1) An error in the thread handling of the server can be exploited by malicious clients to hang threads on a vulnerable server.

The vulnerability affects the following versions:
* WebLogic Server / Express 8.1 through Service Pack 4 (all platforms)
* WebLogic Server / Express 7.0 through Service Pack 5 (all platforms)
* WebLogic Server / Express 6.1 through Service Pack 7 (all platforms)

2) Some unspecified input isn't properly sanitised before being returned to the user. This can be exploited to execute arbitrary HTML and script code in a user's or administrator's browser session in context of an affected site.

This is related to vulnerability #6 in:
SA15486

The vulnerability affects the following versions:
* WebLogic Server / Express 9.0 initial release (all platforms)
* WebLogic Server / Express 8.1 through Service Pack 4 (all platforms)
* WebLogic Server / Express 7.0 through Service Pack 6 (all platforms)
* WebLogic Server / Express 6.1 through Service Pack 7 (all platforms)

3) The problem is that Java client applications using the SSL protocol without specifying a user, may in certain situations be communicating insecurely with an unencrypted protocol.

The security issue affects the following versions:
* WebLogic Server / Express 8.1 through Service Pack 3 (all platforms)
* WebLogic Server / Express 7.0 through Service Pack 6 (all platforms)
* WebLogic Server / Express 6.1 through Service Pack 7 (all platforms)

4) The problem is that if a Java client application creates both insecure and secure (SSL) connections to a server, then an insecure connection will be established instead of the intended secure connection in certain situations.

The security issue affects the following versions:
* WebLogic Server / Express 8.1 through Service Pack 4 (all platforms)
* WebLogic Server / Express 7.0 through Service Pack 6 (all platforms)
* WebLogic Server / Express 6.1 through Service Pack 7 (all platforms)

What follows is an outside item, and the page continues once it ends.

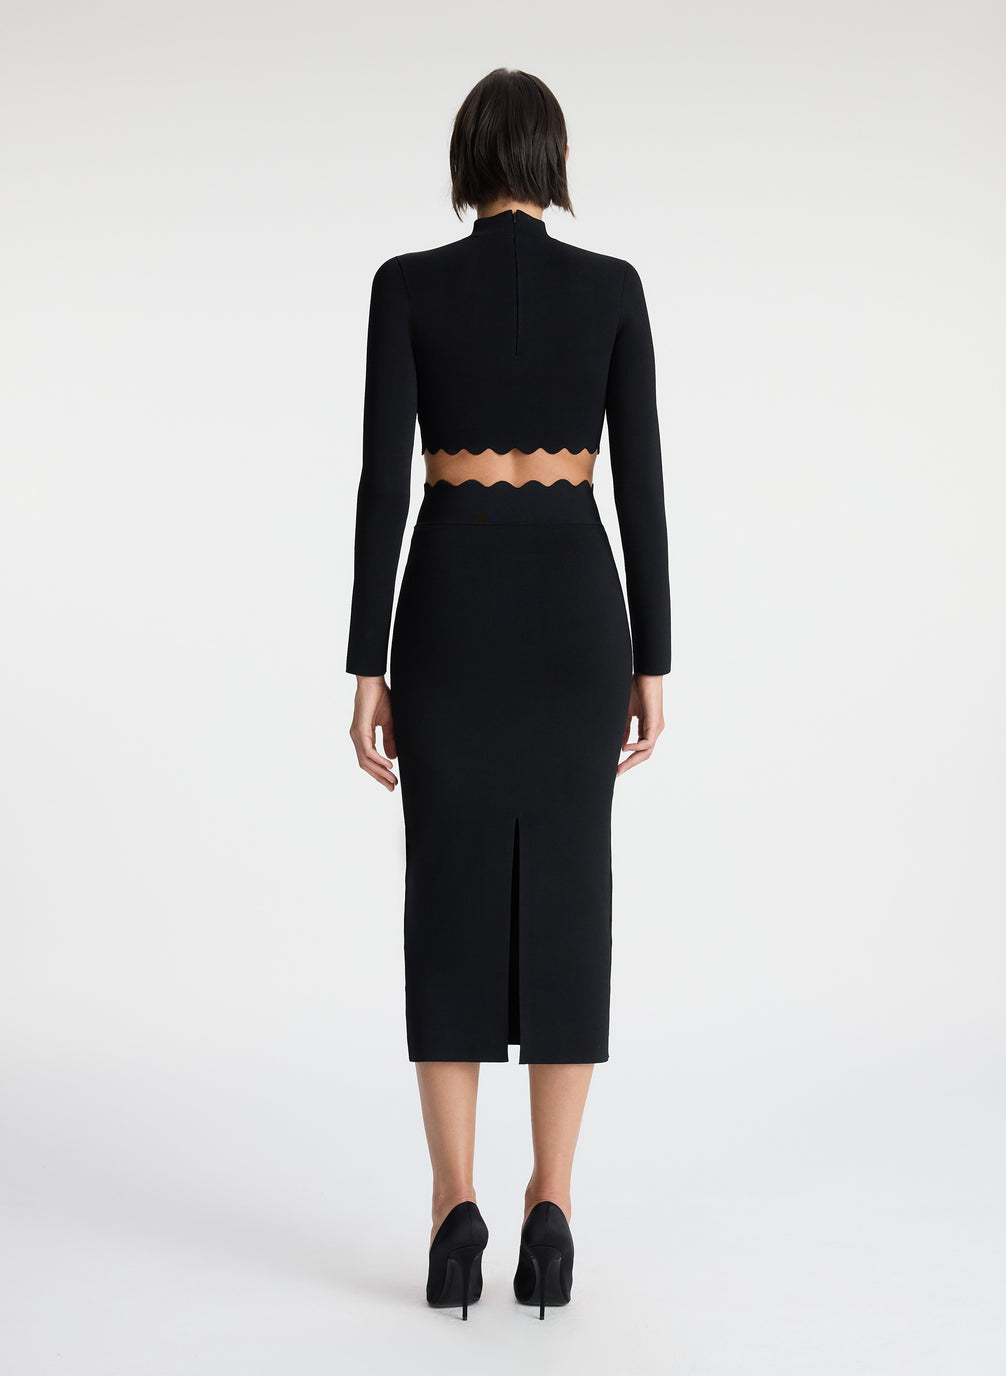 back view of woman wearing black long sleeve crop top with scallop detailing and matching black scalloped detailing knit midi skirt
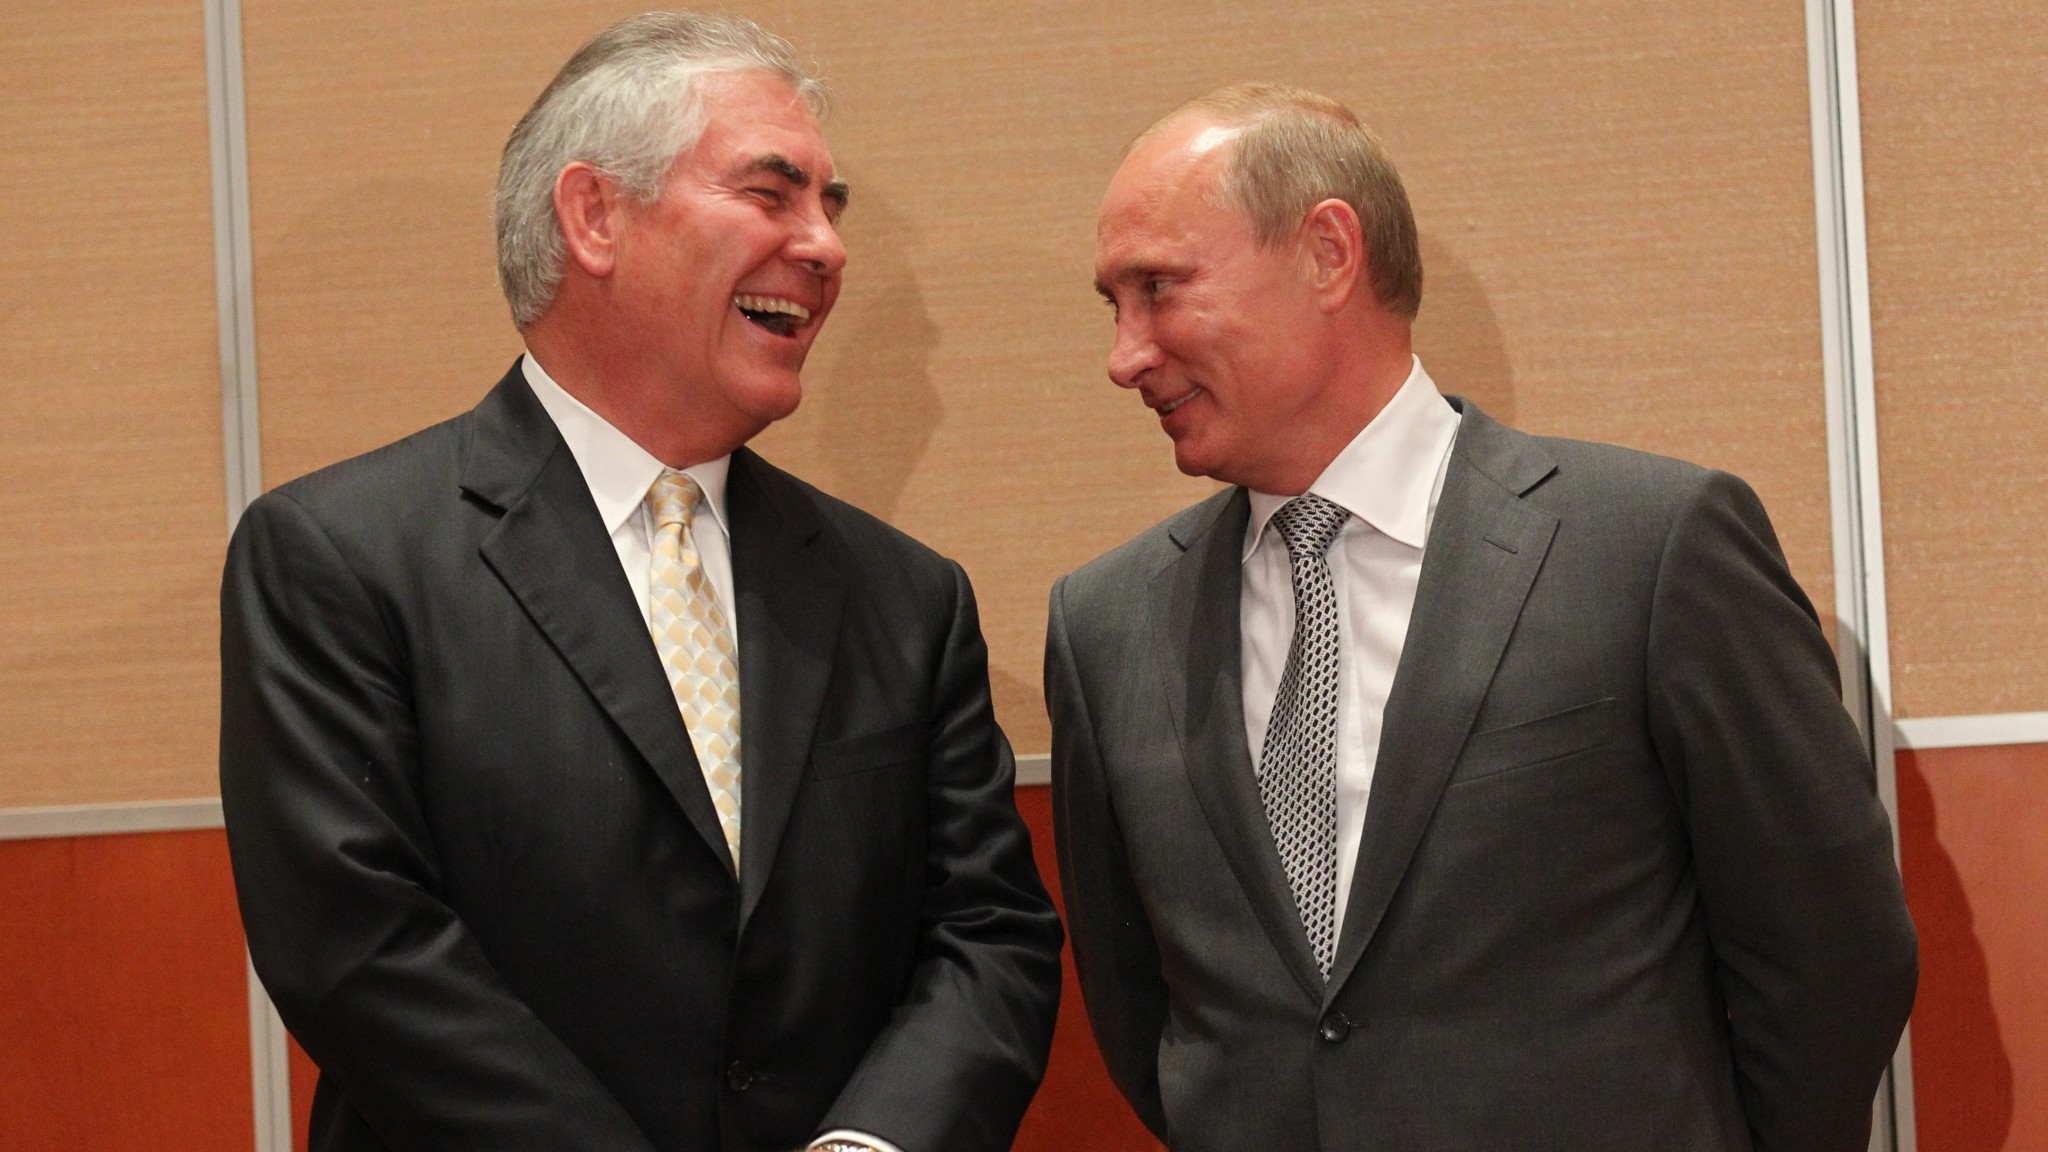 russian-leader-vladimir-putin-and-exxon-mobile-ceo-and-chairman-rex-tillerson-during-a-signing-ceremony-for-an-arctic-oil-exploration-deal-between-exxon-m1.jpg

5) An error in the deploying of Web applications and EJBs can be exploited by a malicious web application with Deployer privileges to gain Admin privileges via the run-as deployment descriptor element.

The vulnerability affects the following versions:
* WebLogic Server / Express 8.1 through Service Pack 4 (all platforms)
* WebLogic Server / Express 7.0 through Service Pack 6 (all platforms)

6) The problem is that under heavy load some audit events may be posted with incorrect severity levels for sites which has auditing enabled. This may cause some customer filtering software to miss certain audit events.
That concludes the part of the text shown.